## Records for this exercise
_ _ _ _

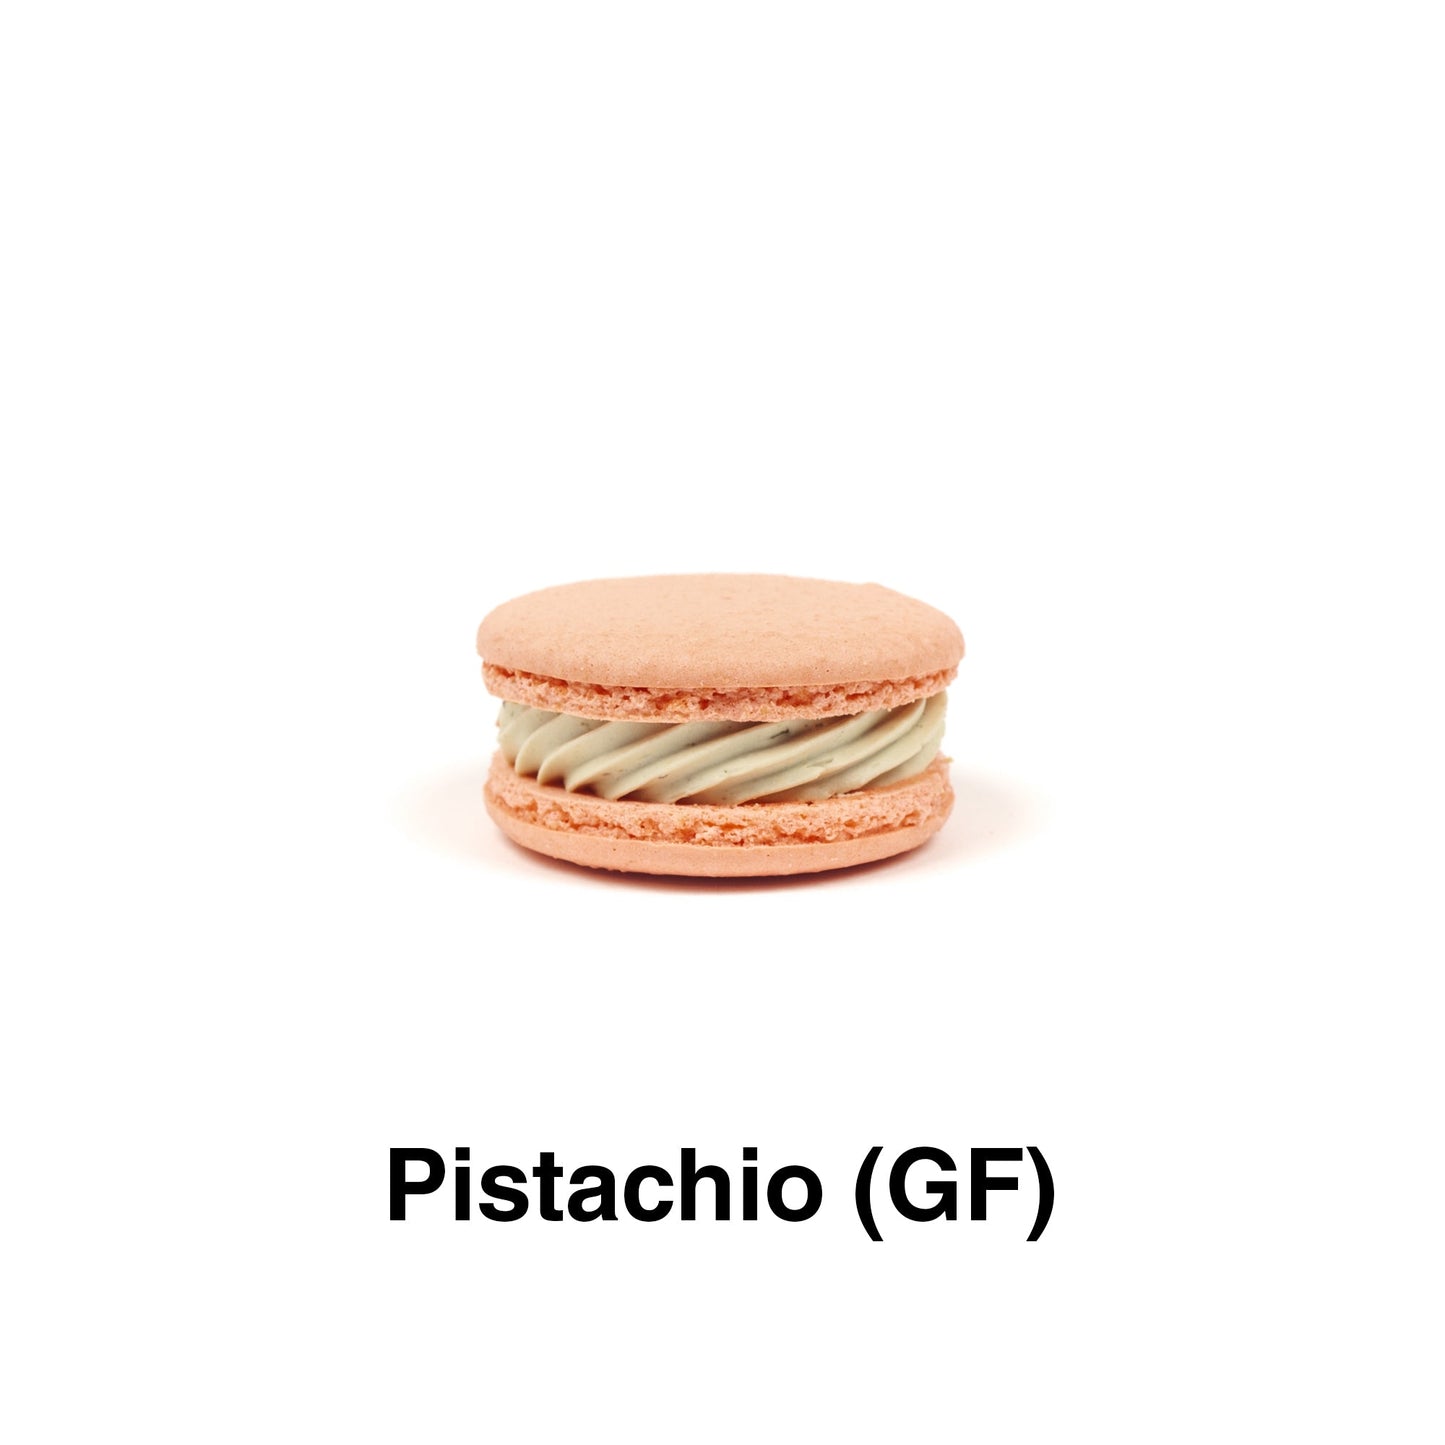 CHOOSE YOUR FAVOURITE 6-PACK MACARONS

_ _ _ _

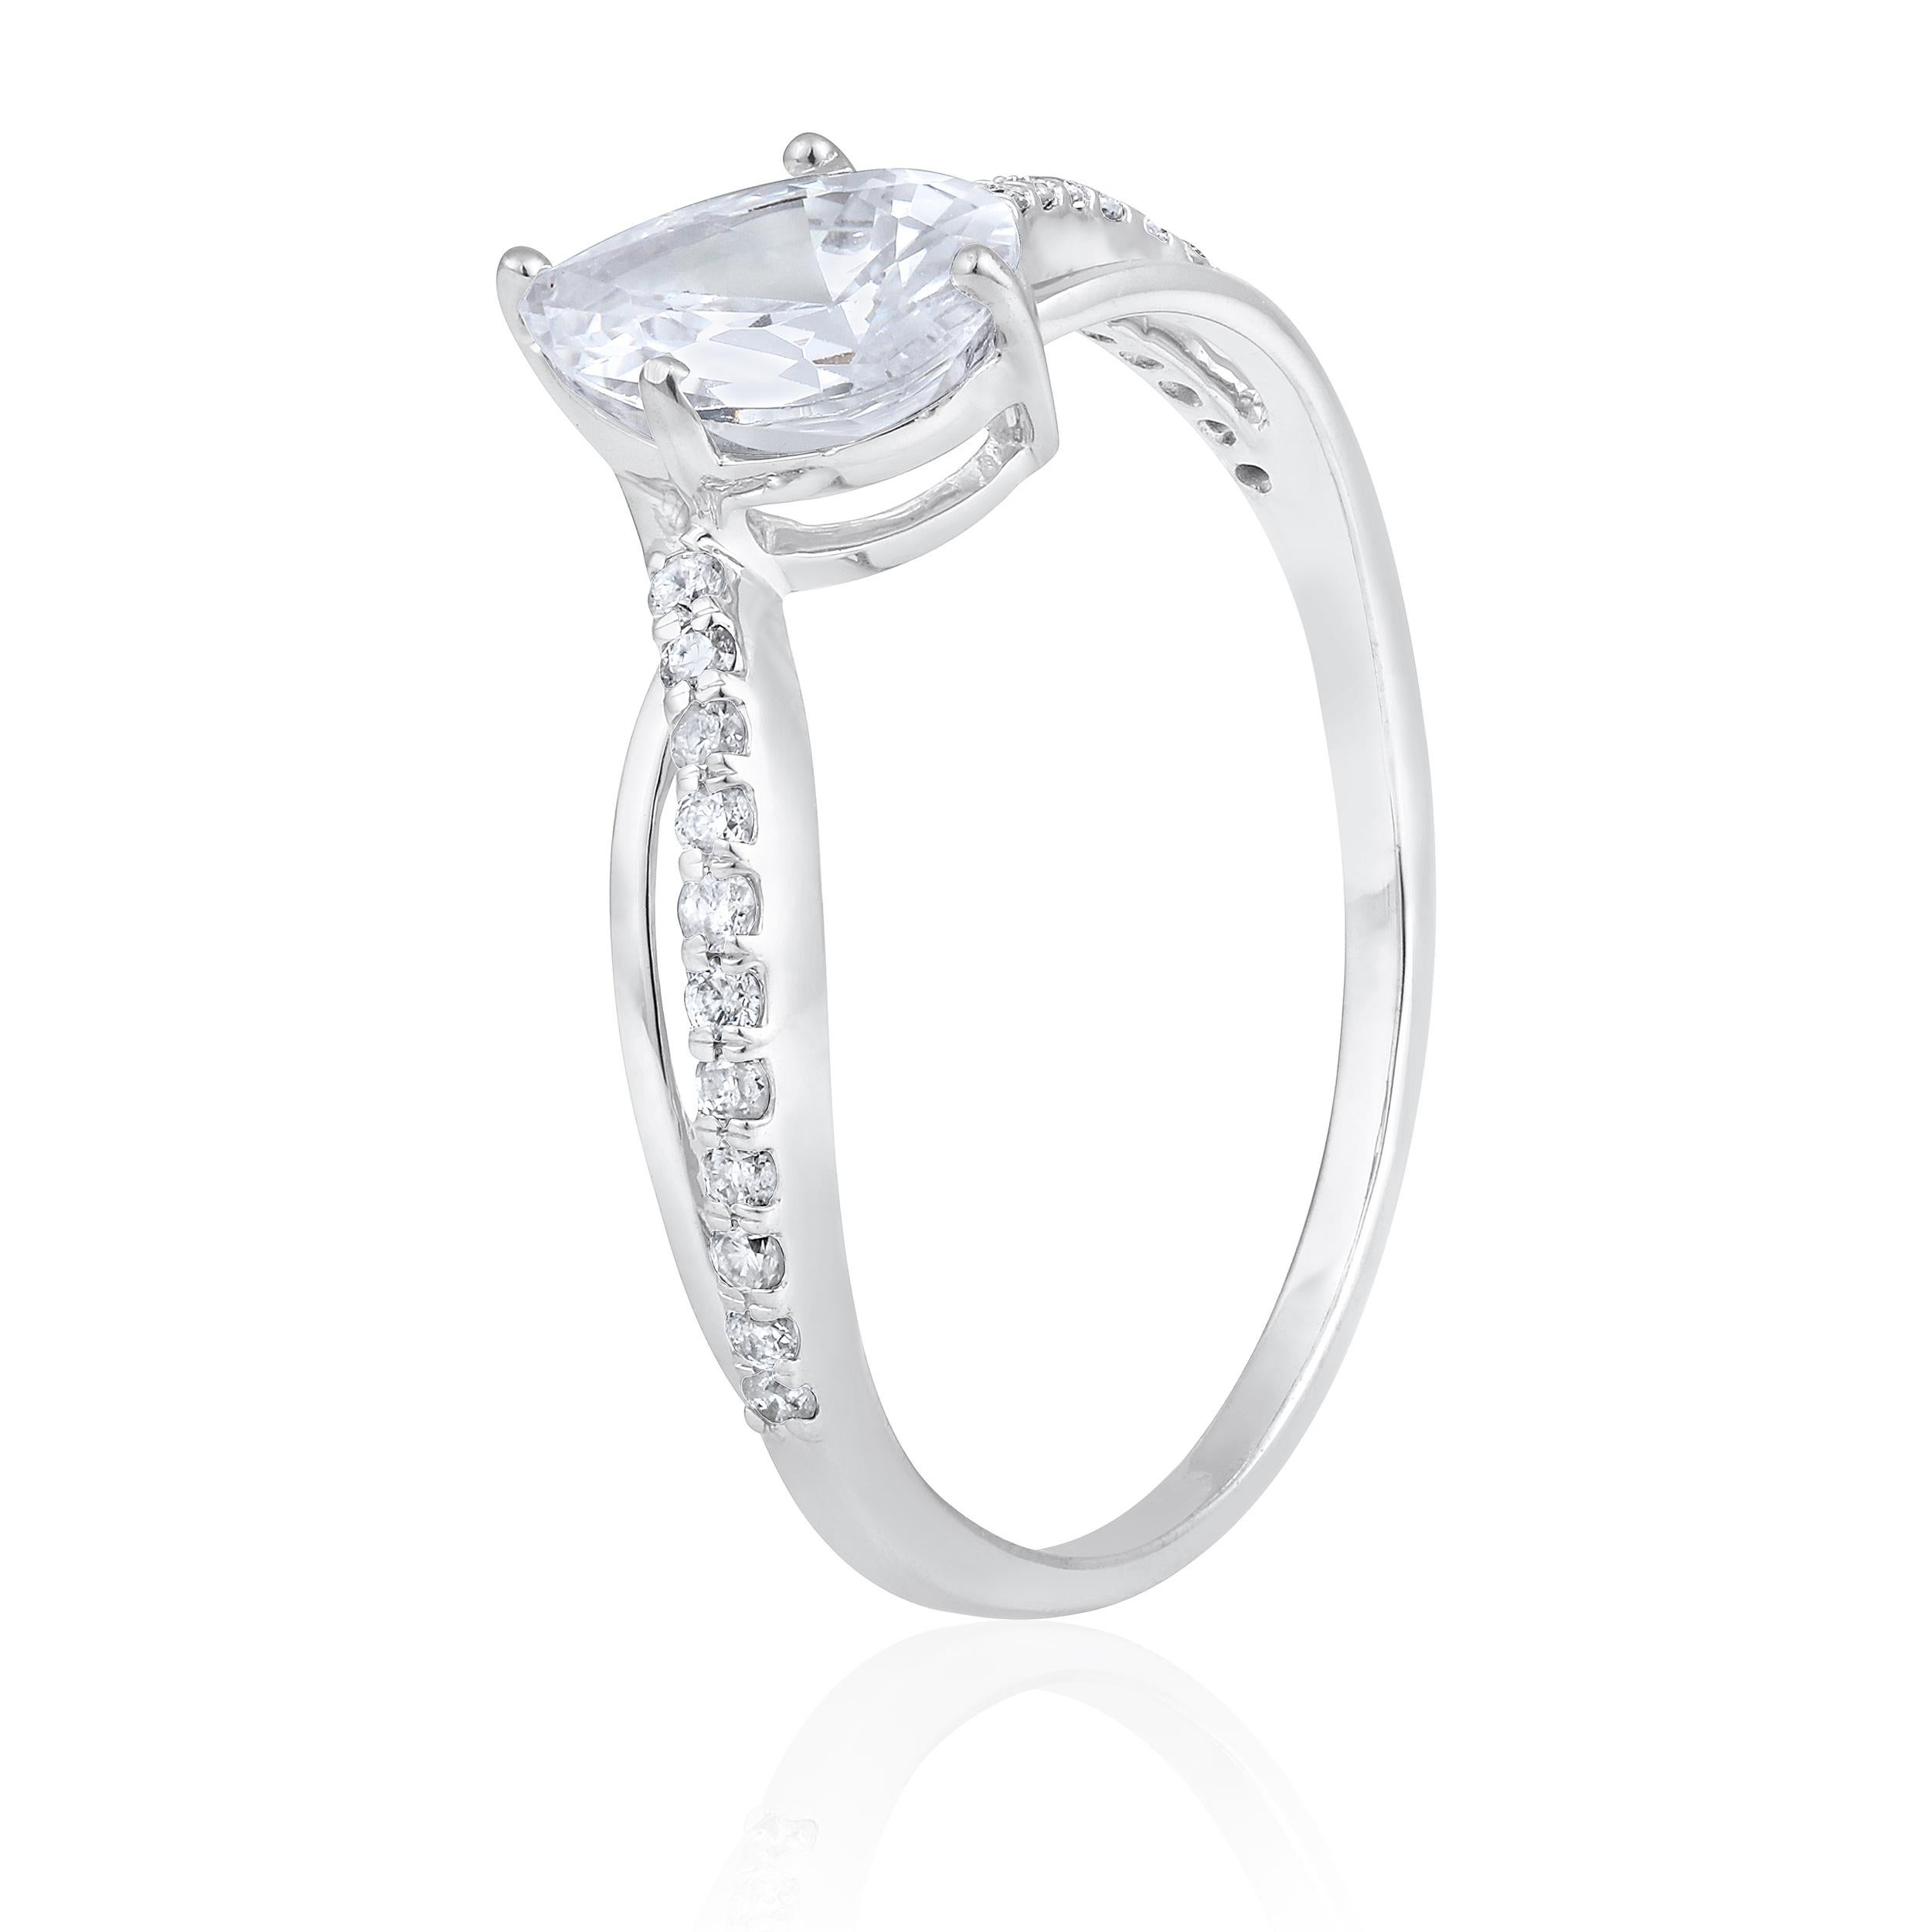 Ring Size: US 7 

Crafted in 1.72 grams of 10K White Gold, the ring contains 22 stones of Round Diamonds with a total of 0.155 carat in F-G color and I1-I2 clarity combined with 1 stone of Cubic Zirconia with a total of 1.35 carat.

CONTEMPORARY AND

_ _ _ _

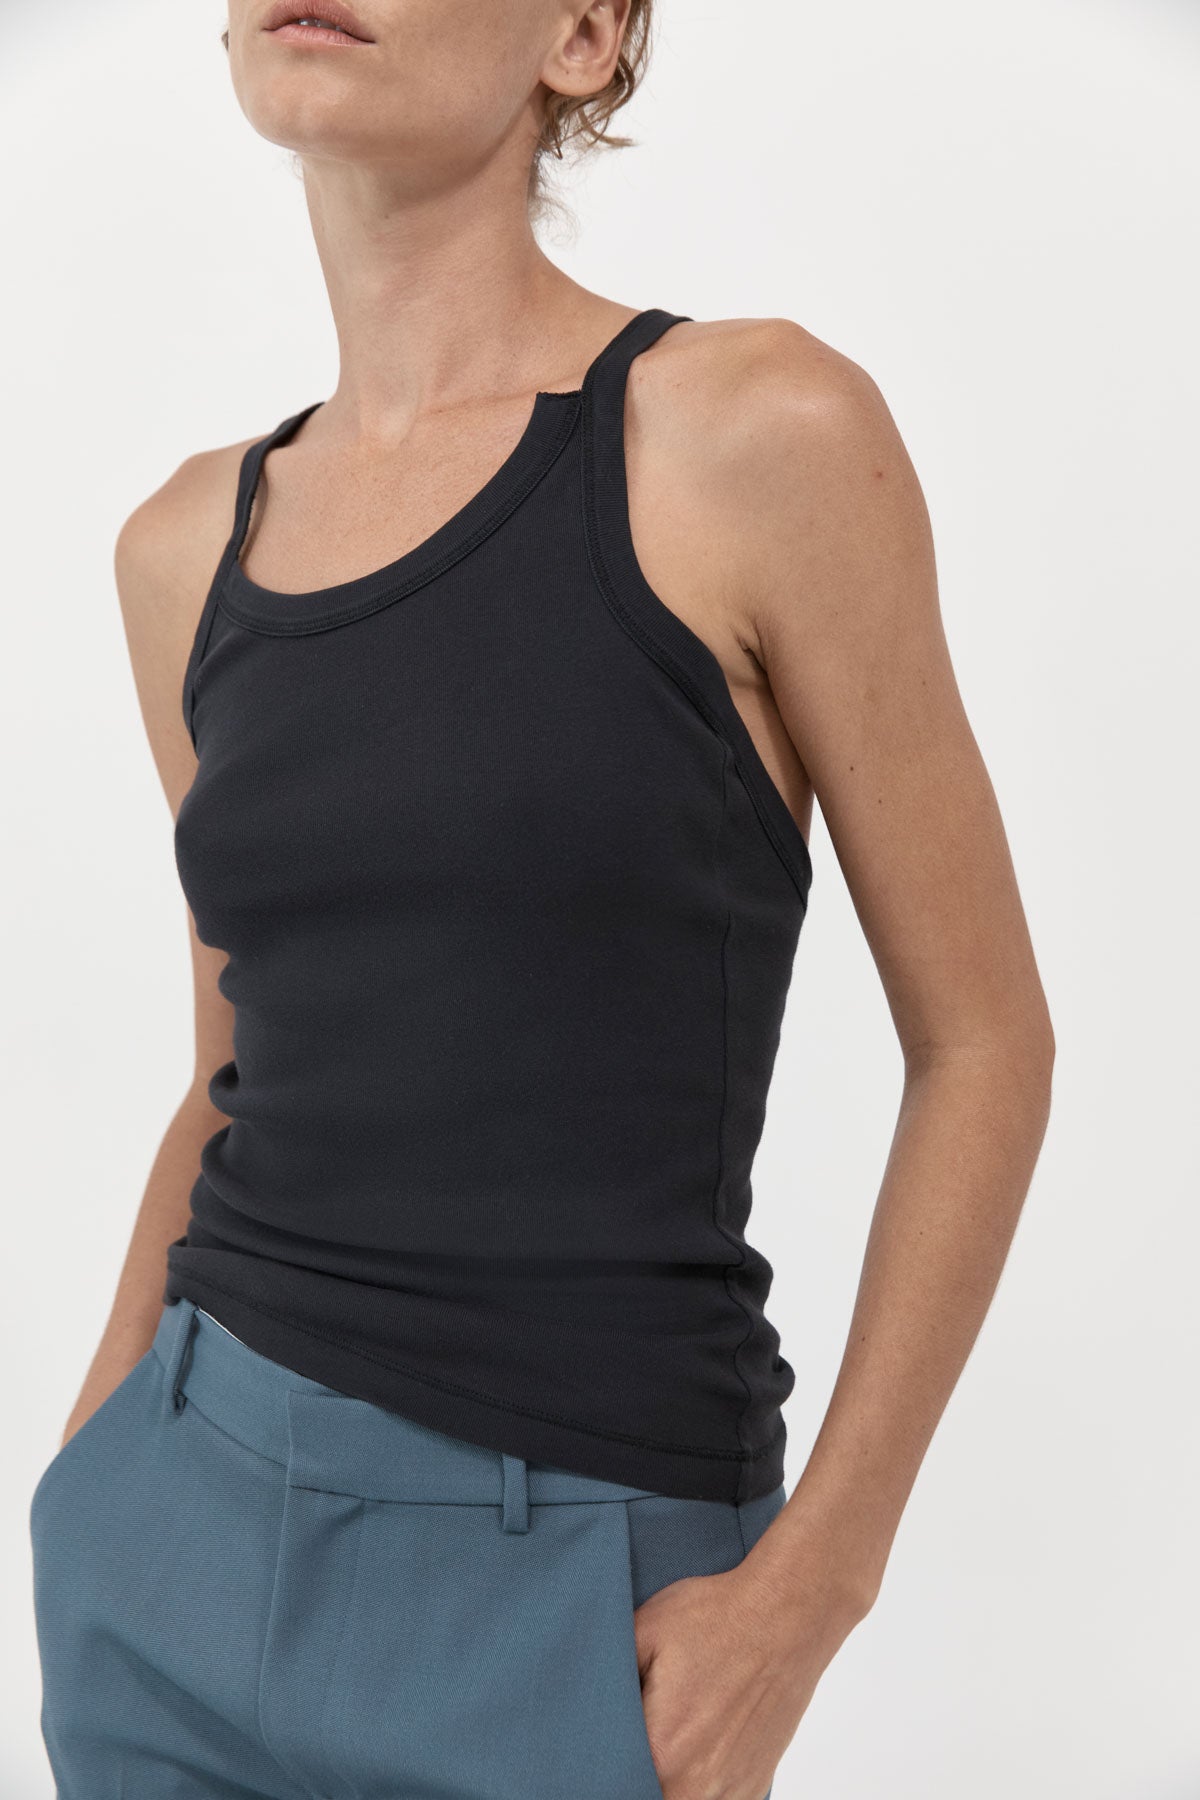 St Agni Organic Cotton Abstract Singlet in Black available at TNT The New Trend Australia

_ _ _ _

## What to produce
Reproduce, exactly and only, the lines of the records above starting at the line with "Ring Size: US 7" and ending at the line with "CONTEMPORARY AND", both included. Leave every picture out.

## Result below
 Ring Size: US 7 

Crafted in 1.72 grams of 10K White Gold, the ring contains 22 stones of Round Diamonds with a total of 0.155 carat in F-G color and I1-I2 clarity combined with 1 stone of Cubic Zirconia with a total of 1.35 carat.

CONTEMPORARY AND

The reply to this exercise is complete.